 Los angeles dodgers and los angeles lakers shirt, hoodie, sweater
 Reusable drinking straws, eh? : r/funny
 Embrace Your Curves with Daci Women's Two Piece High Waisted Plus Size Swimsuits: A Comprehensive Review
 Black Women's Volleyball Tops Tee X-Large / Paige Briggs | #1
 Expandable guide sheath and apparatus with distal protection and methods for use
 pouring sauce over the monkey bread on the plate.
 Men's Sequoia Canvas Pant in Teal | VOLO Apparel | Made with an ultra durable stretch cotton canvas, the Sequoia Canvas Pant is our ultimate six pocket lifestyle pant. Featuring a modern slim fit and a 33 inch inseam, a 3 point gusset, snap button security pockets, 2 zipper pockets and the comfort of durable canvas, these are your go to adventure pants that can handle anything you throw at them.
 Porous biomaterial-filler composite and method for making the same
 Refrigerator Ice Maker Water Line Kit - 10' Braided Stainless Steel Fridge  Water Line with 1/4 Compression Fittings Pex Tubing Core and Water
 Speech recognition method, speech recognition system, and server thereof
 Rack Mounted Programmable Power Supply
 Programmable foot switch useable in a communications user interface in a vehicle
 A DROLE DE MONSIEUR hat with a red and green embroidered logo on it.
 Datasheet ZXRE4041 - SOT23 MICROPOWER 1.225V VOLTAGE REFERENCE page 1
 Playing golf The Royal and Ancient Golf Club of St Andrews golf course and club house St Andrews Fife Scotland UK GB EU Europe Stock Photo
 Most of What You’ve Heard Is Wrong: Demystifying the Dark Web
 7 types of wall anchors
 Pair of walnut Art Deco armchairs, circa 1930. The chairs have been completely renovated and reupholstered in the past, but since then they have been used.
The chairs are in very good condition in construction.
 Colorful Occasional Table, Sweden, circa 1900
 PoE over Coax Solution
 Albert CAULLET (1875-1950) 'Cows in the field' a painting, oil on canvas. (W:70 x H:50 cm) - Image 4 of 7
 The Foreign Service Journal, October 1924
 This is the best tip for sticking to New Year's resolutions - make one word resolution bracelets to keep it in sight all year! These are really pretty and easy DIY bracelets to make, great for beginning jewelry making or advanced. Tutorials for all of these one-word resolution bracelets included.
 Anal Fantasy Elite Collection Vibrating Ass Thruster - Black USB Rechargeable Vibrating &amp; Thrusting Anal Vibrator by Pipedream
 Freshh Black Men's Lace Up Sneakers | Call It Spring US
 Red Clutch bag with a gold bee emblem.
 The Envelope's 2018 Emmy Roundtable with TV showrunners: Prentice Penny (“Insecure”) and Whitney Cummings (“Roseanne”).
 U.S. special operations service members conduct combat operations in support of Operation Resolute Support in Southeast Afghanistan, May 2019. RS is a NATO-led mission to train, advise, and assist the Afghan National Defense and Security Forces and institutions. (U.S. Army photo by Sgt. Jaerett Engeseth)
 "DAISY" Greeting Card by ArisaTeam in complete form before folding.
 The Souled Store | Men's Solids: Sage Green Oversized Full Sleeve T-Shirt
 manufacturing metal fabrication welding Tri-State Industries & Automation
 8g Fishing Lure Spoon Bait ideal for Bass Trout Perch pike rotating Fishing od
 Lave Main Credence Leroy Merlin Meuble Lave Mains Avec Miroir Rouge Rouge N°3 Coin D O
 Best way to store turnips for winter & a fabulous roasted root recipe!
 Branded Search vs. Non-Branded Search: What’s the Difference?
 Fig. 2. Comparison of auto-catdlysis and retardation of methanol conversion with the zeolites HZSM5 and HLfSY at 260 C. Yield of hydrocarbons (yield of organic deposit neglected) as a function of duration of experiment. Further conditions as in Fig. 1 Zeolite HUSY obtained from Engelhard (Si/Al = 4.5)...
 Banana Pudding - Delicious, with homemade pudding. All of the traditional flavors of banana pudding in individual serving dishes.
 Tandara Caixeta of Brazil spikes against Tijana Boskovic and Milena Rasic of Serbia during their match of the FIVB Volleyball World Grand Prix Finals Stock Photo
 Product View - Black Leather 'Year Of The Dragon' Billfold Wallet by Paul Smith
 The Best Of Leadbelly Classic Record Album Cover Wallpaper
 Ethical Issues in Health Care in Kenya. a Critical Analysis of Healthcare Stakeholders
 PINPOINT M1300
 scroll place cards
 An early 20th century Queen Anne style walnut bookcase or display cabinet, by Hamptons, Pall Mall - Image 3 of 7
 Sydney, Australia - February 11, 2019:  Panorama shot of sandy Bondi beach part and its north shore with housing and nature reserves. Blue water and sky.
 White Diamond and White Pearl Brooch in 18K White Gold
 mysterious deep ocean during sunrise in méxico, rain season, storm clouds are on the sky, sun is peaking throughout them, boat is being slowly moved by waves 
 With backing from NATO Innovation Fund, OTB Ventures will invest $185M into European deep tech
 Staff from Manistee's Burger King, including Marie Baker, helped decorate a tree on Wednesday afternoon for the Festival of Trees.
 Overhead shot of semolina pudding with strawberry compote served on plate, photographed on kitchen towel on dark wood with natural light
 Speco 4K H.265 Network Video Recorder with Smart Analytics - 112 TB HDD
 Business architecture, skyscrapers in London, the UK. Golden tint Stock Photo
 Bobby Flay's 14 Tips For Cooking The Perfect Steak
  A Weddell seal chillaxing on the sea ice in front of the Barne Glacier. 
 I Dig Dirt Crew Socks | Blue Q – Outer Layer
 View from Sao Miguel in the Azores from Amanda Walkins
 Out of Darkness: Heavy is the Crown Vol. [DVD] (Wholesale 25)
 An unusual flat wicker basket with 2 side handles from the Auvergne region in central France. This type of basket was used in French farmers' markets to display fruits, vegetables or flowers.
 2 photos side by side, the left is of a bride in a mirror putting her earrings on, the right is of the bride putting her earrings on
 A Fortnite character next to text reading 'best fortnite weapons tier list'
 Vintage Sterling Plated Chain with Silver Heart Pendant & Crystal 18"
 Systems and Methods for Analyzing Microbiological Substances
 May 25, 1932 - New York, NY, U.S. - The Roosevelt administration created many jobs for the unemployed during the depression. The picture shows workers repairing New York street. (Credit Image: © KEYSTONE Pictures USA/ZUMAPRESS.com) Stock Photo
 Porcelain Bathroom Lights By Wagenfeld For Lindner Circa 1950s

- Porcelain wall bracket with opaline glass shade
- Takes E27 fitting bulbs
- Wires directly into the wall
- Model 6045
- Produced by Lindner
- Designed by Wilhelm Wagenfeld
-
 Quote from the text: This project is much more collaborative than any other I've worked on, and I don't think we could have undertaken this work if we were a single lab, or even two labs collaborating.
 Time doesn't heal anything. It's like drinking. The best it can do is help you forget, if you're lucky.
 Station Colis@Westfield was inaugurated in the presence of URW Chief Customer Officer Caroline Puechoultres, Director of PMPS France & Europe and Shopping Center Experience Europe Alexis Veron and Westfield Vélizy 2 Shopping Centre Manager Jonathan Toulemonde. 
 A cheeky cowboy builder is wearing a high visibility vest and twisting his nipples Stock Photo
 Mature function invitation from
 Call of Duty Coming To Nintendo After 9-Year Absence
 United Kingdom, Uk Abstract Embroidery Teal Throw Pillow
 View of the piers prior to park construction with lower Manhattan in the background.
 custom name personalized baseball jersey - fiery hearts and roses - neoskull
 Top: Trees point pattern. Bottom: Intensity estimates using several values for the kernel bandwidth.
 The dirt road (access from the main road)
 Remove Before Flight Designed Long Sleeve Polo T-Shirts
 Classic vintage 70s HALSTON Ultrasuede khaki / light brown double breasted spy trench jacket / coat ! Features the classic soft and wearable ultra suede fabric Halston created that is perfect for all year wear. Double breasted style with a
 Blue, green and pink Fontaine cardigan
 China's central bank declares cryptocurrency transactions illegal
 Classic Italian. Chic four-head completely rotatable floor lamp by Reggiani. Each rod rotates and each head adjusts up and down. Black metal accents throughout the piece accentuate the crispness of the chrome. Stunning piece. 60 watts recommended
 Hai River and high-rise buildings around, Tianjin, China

■ ■ ■ ■

TASK REQUIREMENTS: Give back, unchanged, the run of lines in the listing above that begins at the line containing "Speech recognition method, speech" and ends at the line containing "The Foreign Service Journal, October 1924", both included.

ANSWER:
 Speech recognition method, speech recognition system, and server thereof
 Rack Mounted Programmable Power Supply
 Programmable foot switch useable in a communications user interface in a vehicle
 A DROLE DE MONSIEUR hat with a red and green embroidered logo on it.
 Datasheet ZXRE4041 - SOT23 MICROPOWER 1.225V VOLTAGE REFERENCE page 1
 Playing golf The Royal and Ancient Golf Club of St Andrews golf course and club house St Andrews Fife Scotland UK GB EU Europe Stock Photo
 Most of What You’ve Heard Is Wrong: Demystifying the Dark Web
 7 types of wall anchors
 Pair of walnut Art Deco armchairs, circa 1930. The chairs have been completely renovated and reupholstered in the past, but since then they have been used.
The chairs are in very good condition in construction.
 Colorful Occasional Table, Sweden, circa 1900
 PoE over Coax Solution
 Albert CAULLET (1875-1950) 'Cows in the field' a painting, oil on canvas. (W:70 x H:50 cm) - Image 4 of 7
 The Foreign Service Journal, October 1924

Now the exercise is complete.